What I have noticed is that circumstances, chance, opportunity, weather, work pressure, Paloma relation with her friends, a friendly greeting in a local shop all have an effect on how a radio show progresses. This winter feeling is two-sided. It has a kind of cozy-stay-at-home feeling and when you are on the streets, they are relatively and gloriously empty of people on bikes etc.
When Nina lived in Prague I would often dedicate radio shows to her and play songs with Nina in the title or lyrics because the magic of naming the object made the object feel that much closer. The same goes for La Paloma although less for the song “Paloma Blanca.”
My strategy continues unabated: to continue to flagrantly cross all style, genre, taste and elite lines to unite  what is common in all song [this does not mean I LIKE most music – I don’t, in fact, 90% of everything is crap including music. That is just the nature of our world and of culture in general. Most movies, music, TV, radio, magazines, books are crap but that 10% of everything is enough to keep me or you busy for 10 lifetimes. And sometimes it is just plain fun to investigate the abject and abhorrent because sometimes what you always believed to be abominable is actually [suddenly now?] quite listenable. This has much to do with changing hormone levels, the changing function of music in one’s life, the heat of the moment when you were part of some whatever style faction and thus did not give rejected genres of music a chance. There is also the intense factor of nostalgia or even stronger, the way that certain songs serve as road markers of intense emotional states in one’s life. You see how important early listening is in the creation of one’s taste palette – what we tolerate now has a lot to do with the pleasant memories associated with the songs of your youth… In fact, you can probably make a timeline of songs that mark each period of your life – until, for many people, they turn about 40 is, give or take a few years either way, when a lot of people seem to stop listening to music on almost any level except as necessary backwash fill…
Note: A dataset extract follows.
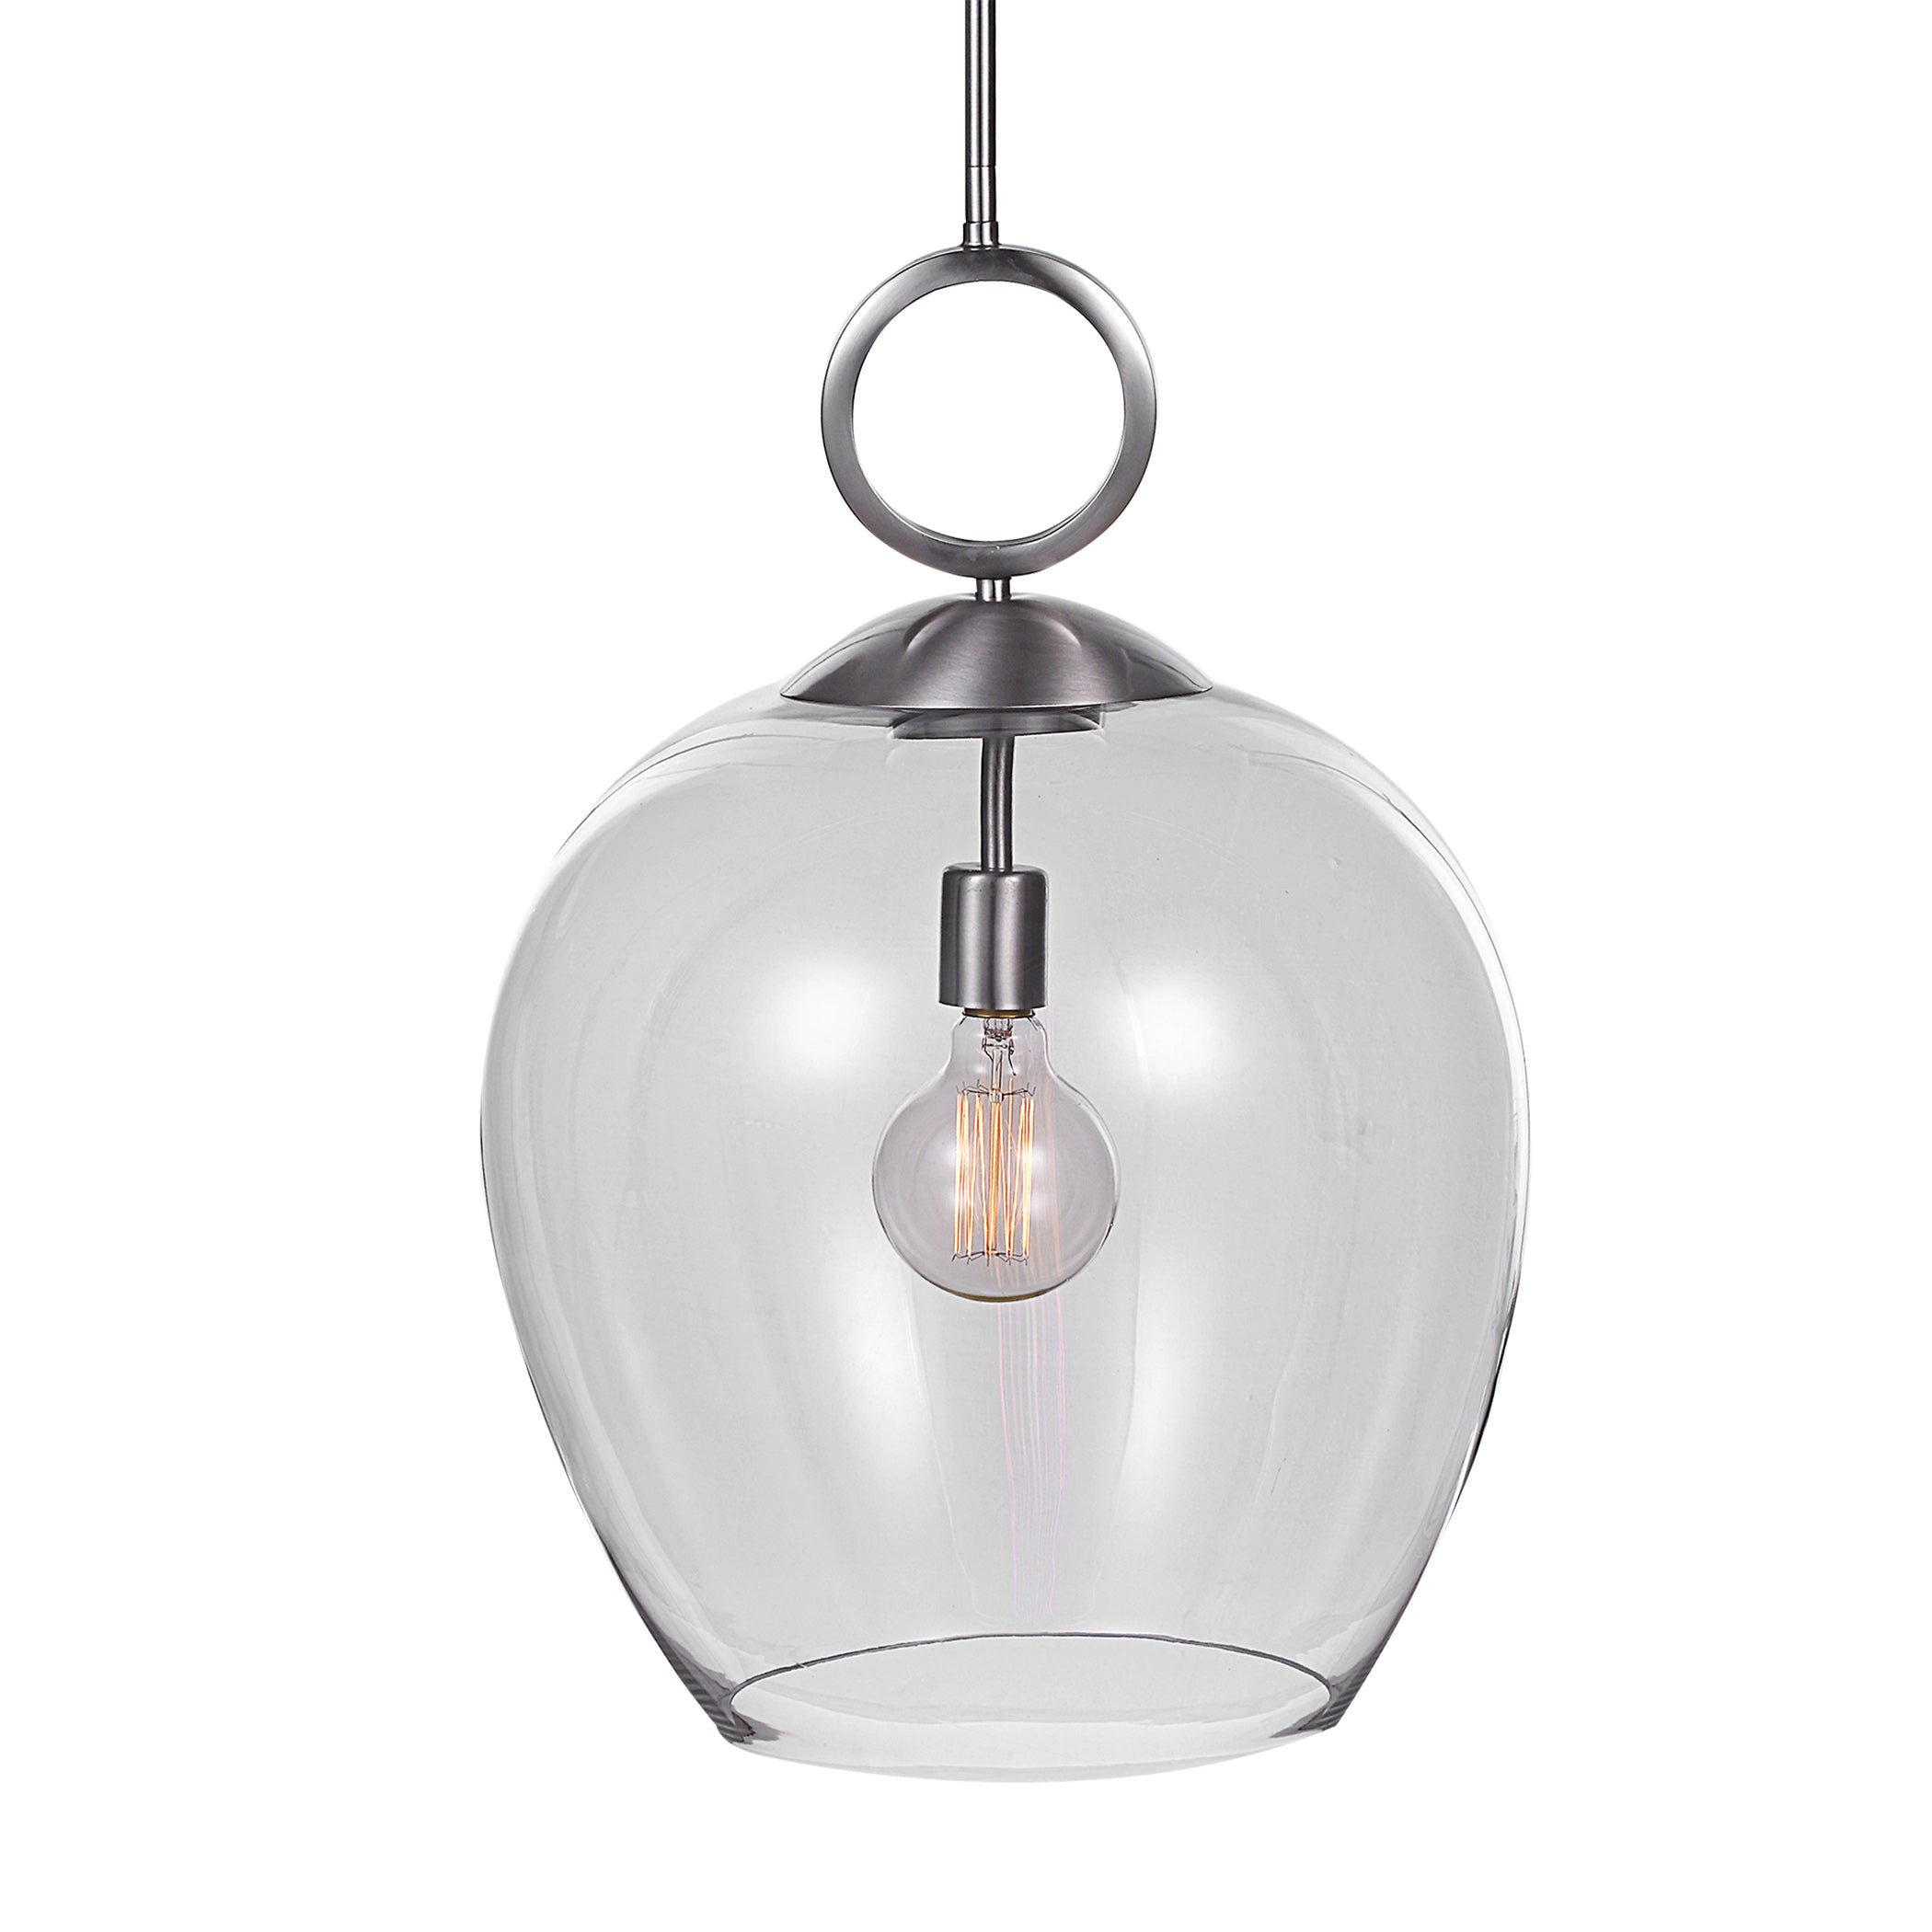 the-official-site-of-official-uttermost-22169-calix-nickel-1-light-glass-pendant-on-sale_7.jpg
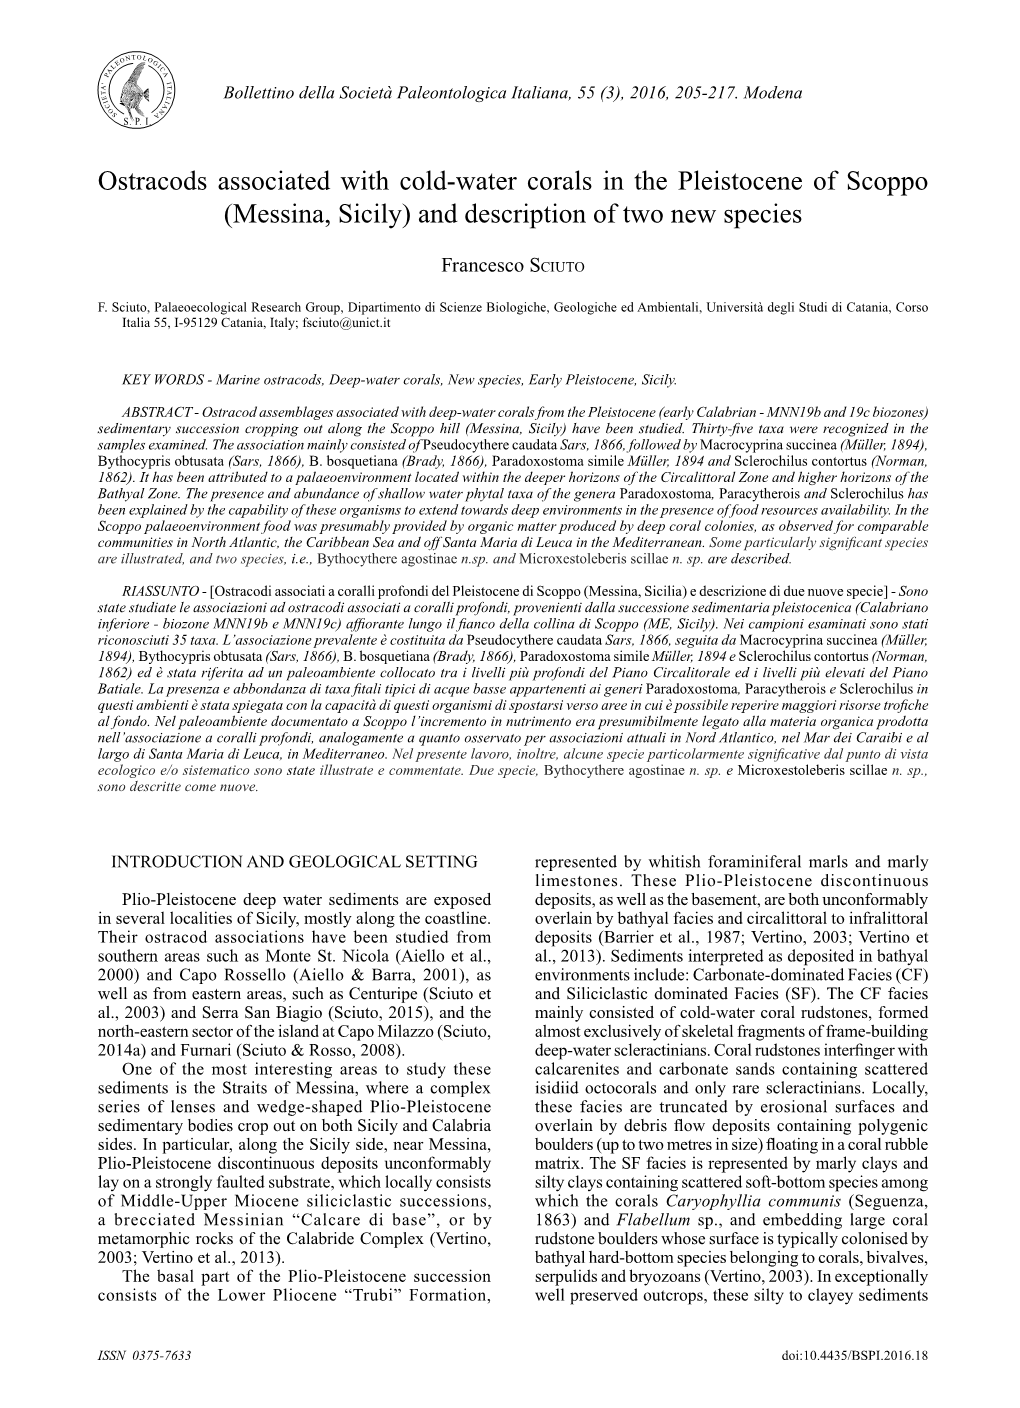 Ostracods Associated with Cold-Water Corals in the Pleistocene of Scoppo (Messina, Sicily) and Description of Two New Species

Whenever Nina goes away overseas to save the workers of the world from the schemers who until ‘yesterday’ were considered the heroes and captains of industry and the authors of million sellers on how to become a millionaire she always leaves behind a detailed suggestion list on meal choices for me and Paloma. This is incredibly helpful, its like those walls they put up in bowling alleys for kids so they can’t throw gutter balls. Anyway, this time N. Even left little piles of coordinated outfits for Paloma for each day – starting with Tuesday on the left through Friday.
A recent article clipped from the New Yorker by ever-thoughtful Nina, by staff music writer Sasha Frere-Jones [I don’t always agree with her and I wonder how much that old socialist adage of beware of those with hyphenated names matters in this instance]. “Sales Force” details how “Balkanized” the Top 10s are in different media. Of the top 10 acts played on the radio, 7 are country acts, two hardrock and one pop star. The top 10 streamed videos “were largely songs by young women who sing R&B. 8 of the top 10 ringtones were hiphop. Two of the year’s best-selling record offer vivd illustration of how the market has fragmented … The Eagles’ “Long Road Out Of Eden,” released on their own independent label and available only at Wal-Mart, sold 2.6 million copies.” [The numerous facts contained in this small factoid alone explains why contempt for the Eagles is totally justified and a certain distrust of mass audiences (especially crusty consumer ex-hippies!) is also not so unjustified] “The biggest selling album of the year was Josh Grosbau’s ‘Noël,’ which sold 3.7 million copies despite being released in October.” Yikes!